**WORK TO COMPLETE:** The reply should hold every line of the data below, unchanged, and none of the pictures.

**GIVEN MATERIAL:**

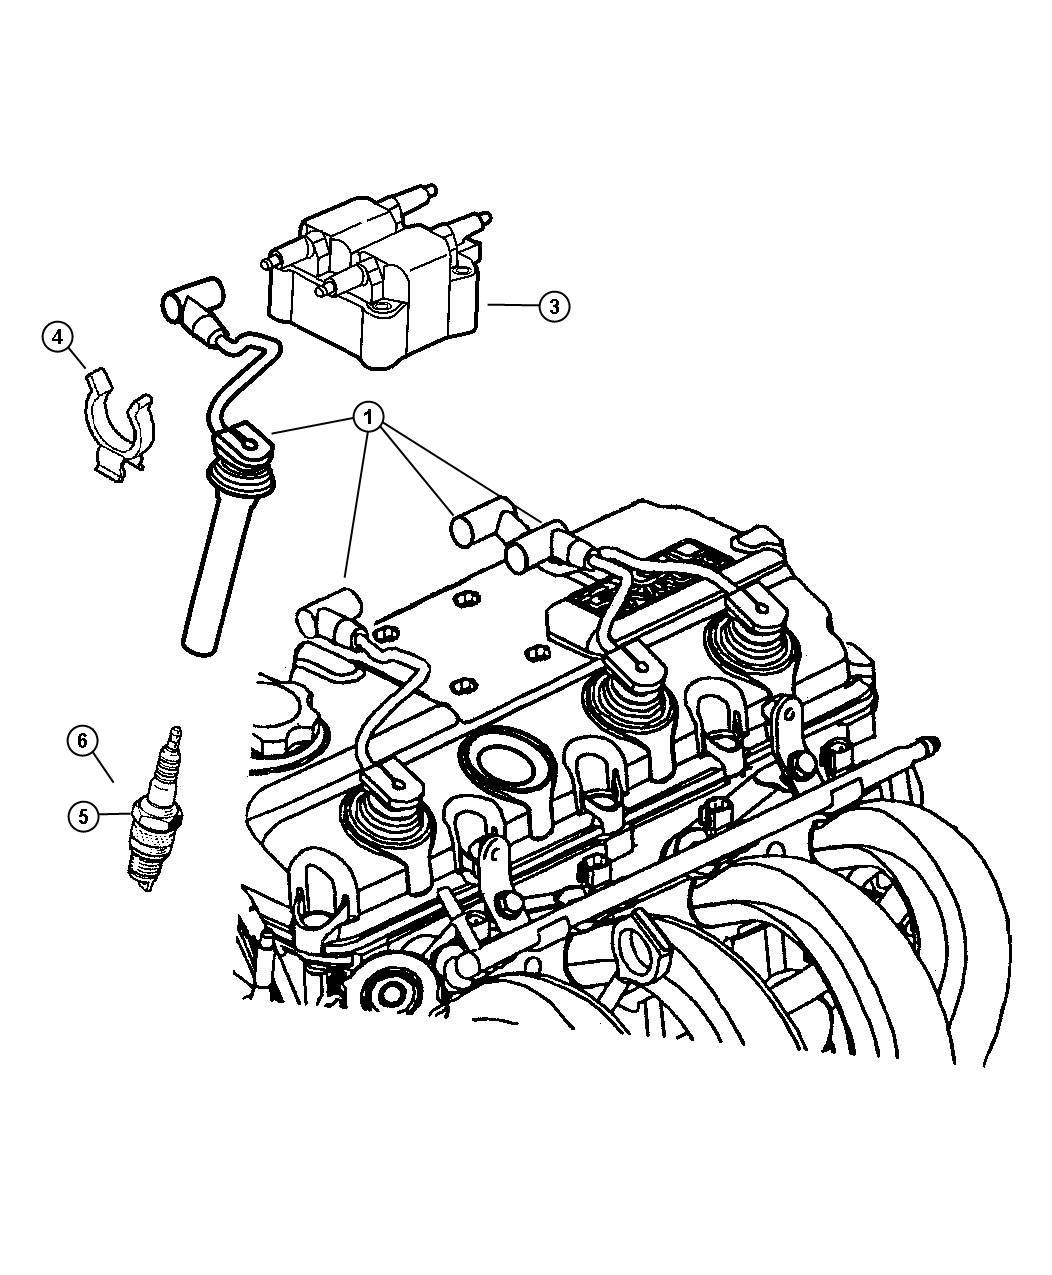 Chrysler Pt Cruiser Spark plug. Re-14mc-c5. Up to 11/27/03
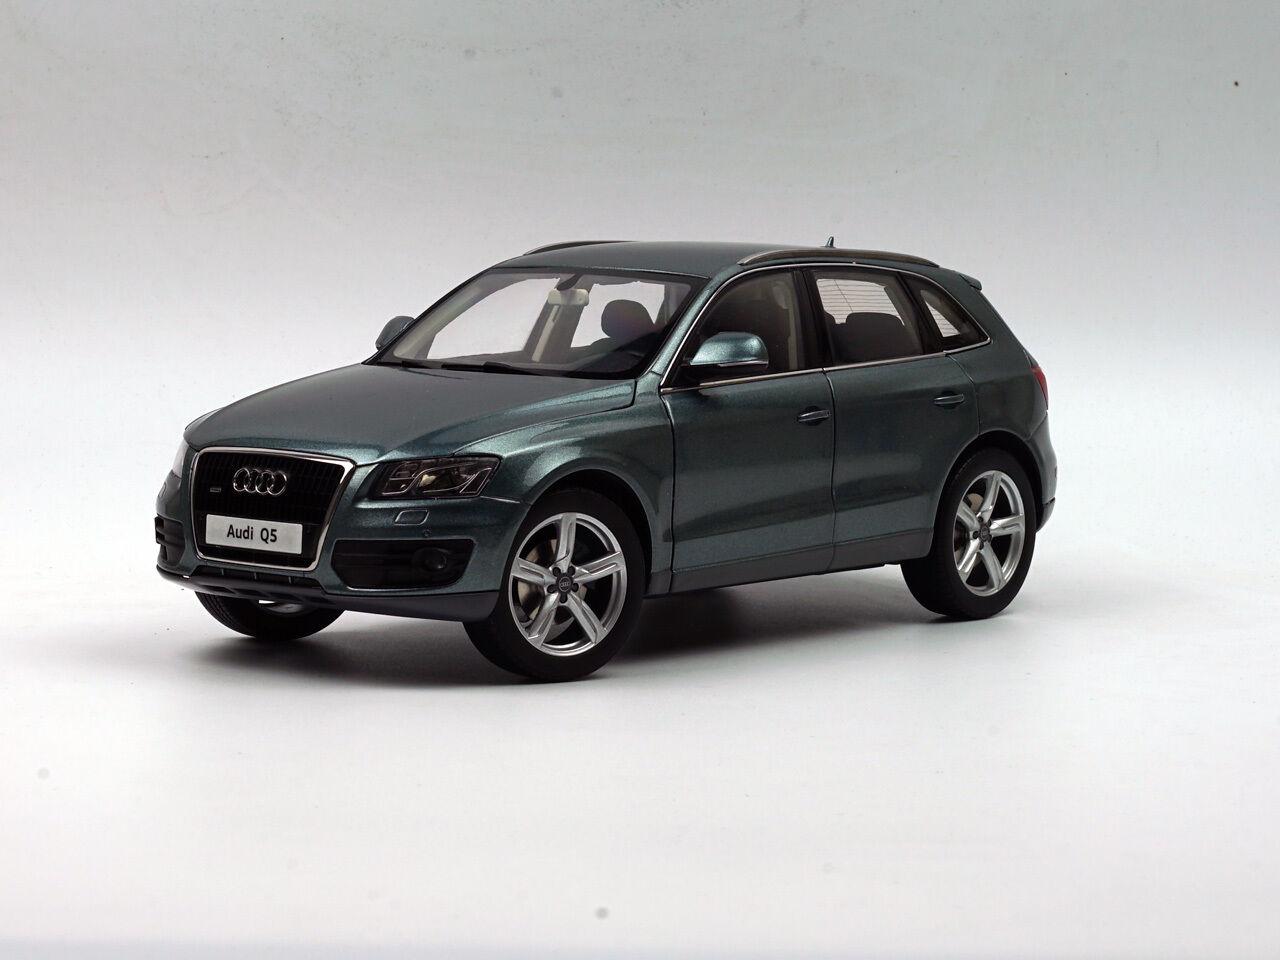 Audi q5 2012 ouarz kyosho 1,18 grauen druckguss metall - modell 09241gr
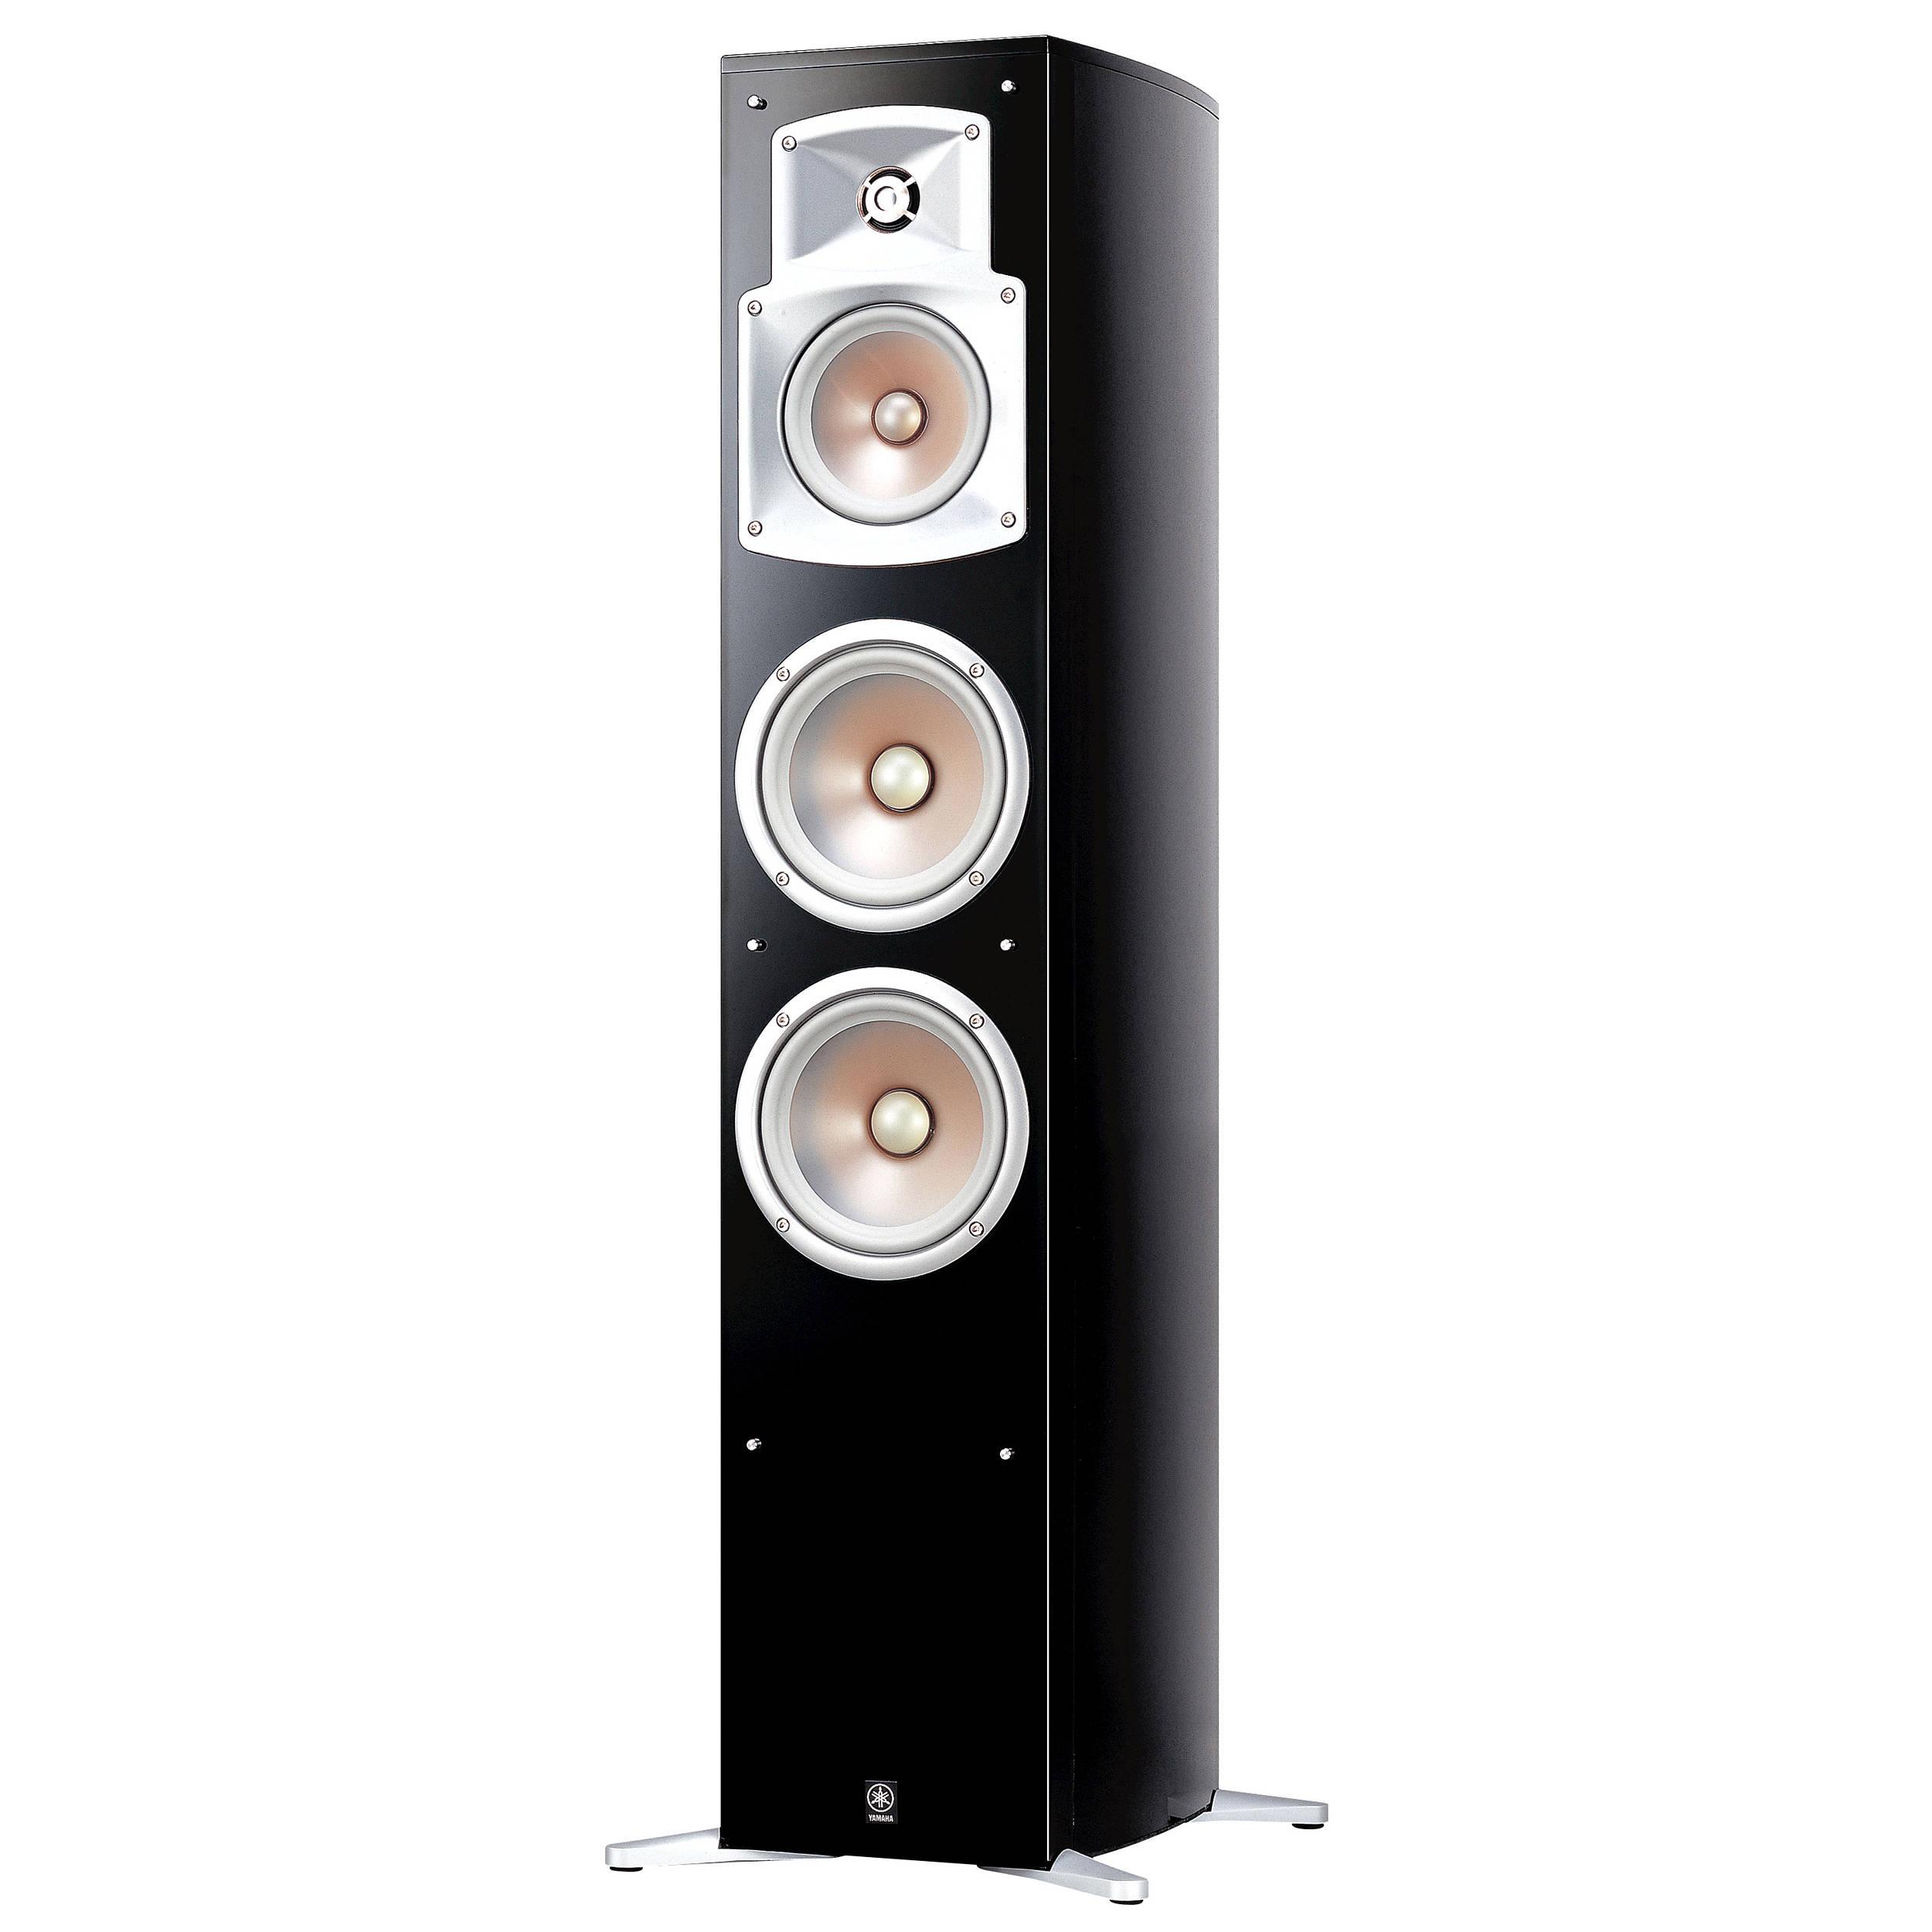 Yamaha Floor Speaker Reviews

**TASK SOLUTION:**
 Chrysler Pt Cruiser Spark plug. Re-14mc-c5. Up to 11/27/03
 Audi q5 2012 ouarz kyosho 1,18 grauen druckguss metall - modell 09241gr
 Yamaha Floor Speaker Reviews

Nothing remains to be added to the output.